None of this was known when Michael and I disclosed Iraq's purchase of the aluminum tubes on September 8, 2002, or when we wrote our follow-up article disclosing a dispute about their purpose five days later. And most of this was still not known in May 2004 when Keller and Abramson tried to blame the paper's alleged reporting failures on me.

I was recalling Michael's fury over the media criticism of our tube story when Keller asked: Why had I not pressed harder for a more in-depth look at the tubes later in the year? Why had I not insisted on going deeper into the intelligence dispute?

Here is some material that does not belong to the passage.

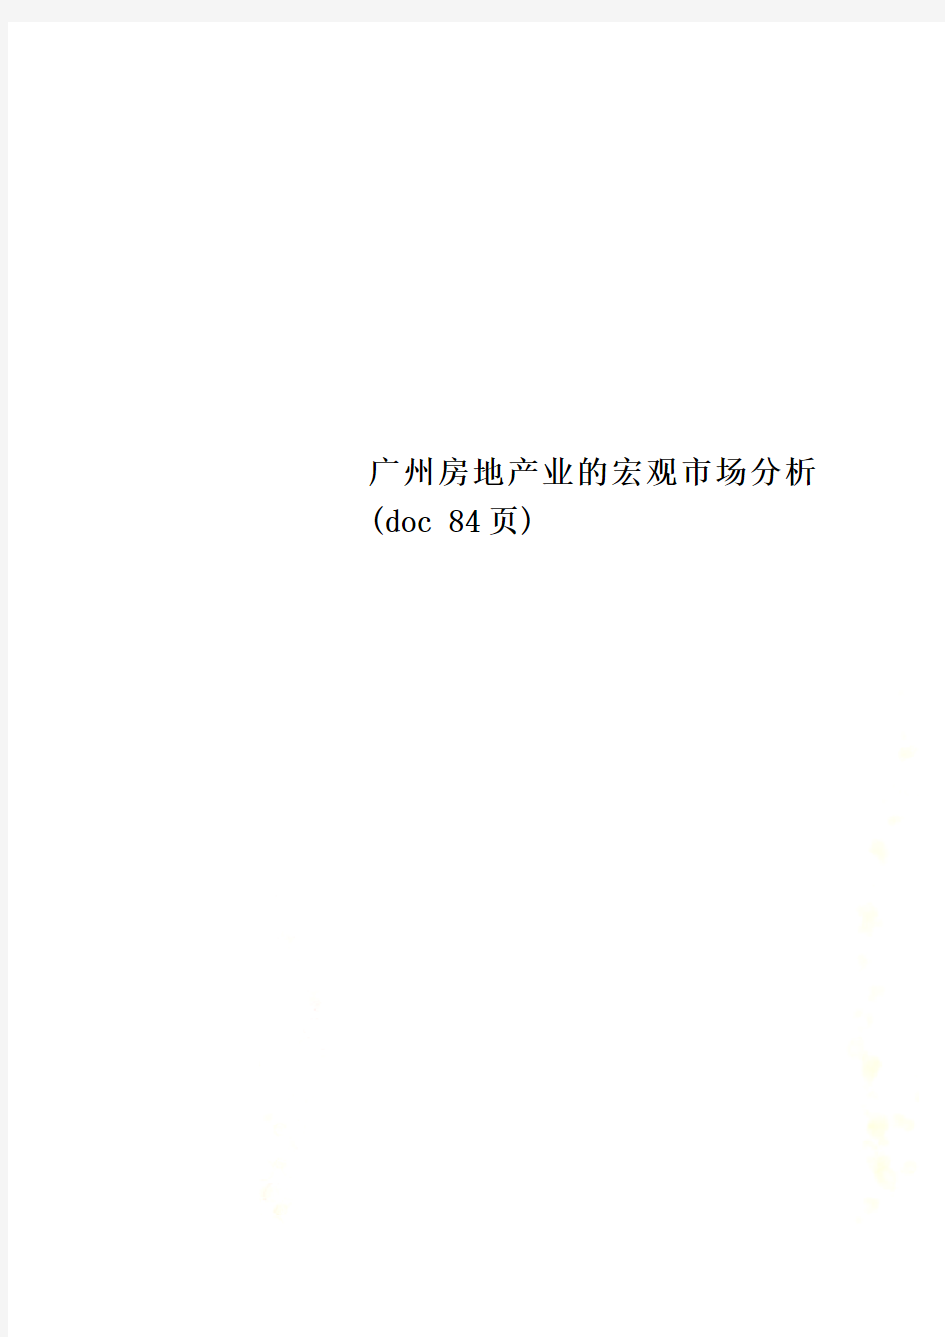 广州房地产业的宏观市场分析(doc 84页)_New

“We did return to the tubes before the war,” I reminded him. In January 2003 Mohamed ElBaradei, head of the IAEA, publicly sided with the experts who claimed that the tubes were for conventional rockets, not nuclear centrifuges. Michael Gordon wrote about ElBaradei's stance.

Others had written better, more comprehensive stories about the dispute, Keller said. Jonathan Landay of the McClatchy newspaper chain, for instance, had written in greater detail about it in October. Why hadn't I?

I recalled that Landay's story was published about a month after ours. It had quoted one source by name: David Albright. At the time, no editor had mentioned it to me or Michael.

Exhausted after almost five hours of defending my reporting, I struggled for words.

“I didn't pursue it again before the war began,” I said, picking up my notes to leave, “because my father died.”

At ninety-eight, my father had outlived most of his friends and three beloved Yorkies. He had survived a series of strokes. But toward the end, he would rant in Yiddish and Russian, neither of which Denise, his fourth wife, spoke. He had never warmed to my husband, Jason—too “lefty,” too “critical” of America. And America, of course, along with Israel, could do no wrong. Only in America could the son of a pushcart owner—or a “building tradesman,” as his
Times
obit had diplomatically called my grandfather's profession—become wealthy and a legend in show business. It was useless to argue—to explain that Jason's criticism was meant to be constructive, or that Jason was no less a patriot than my father, who believed that Ronald Reagan, whom he called a “second-rate” actor, had not only been a first-rate president but the “best president
ever
.” I went alone to the funeral in Palm Springs, California.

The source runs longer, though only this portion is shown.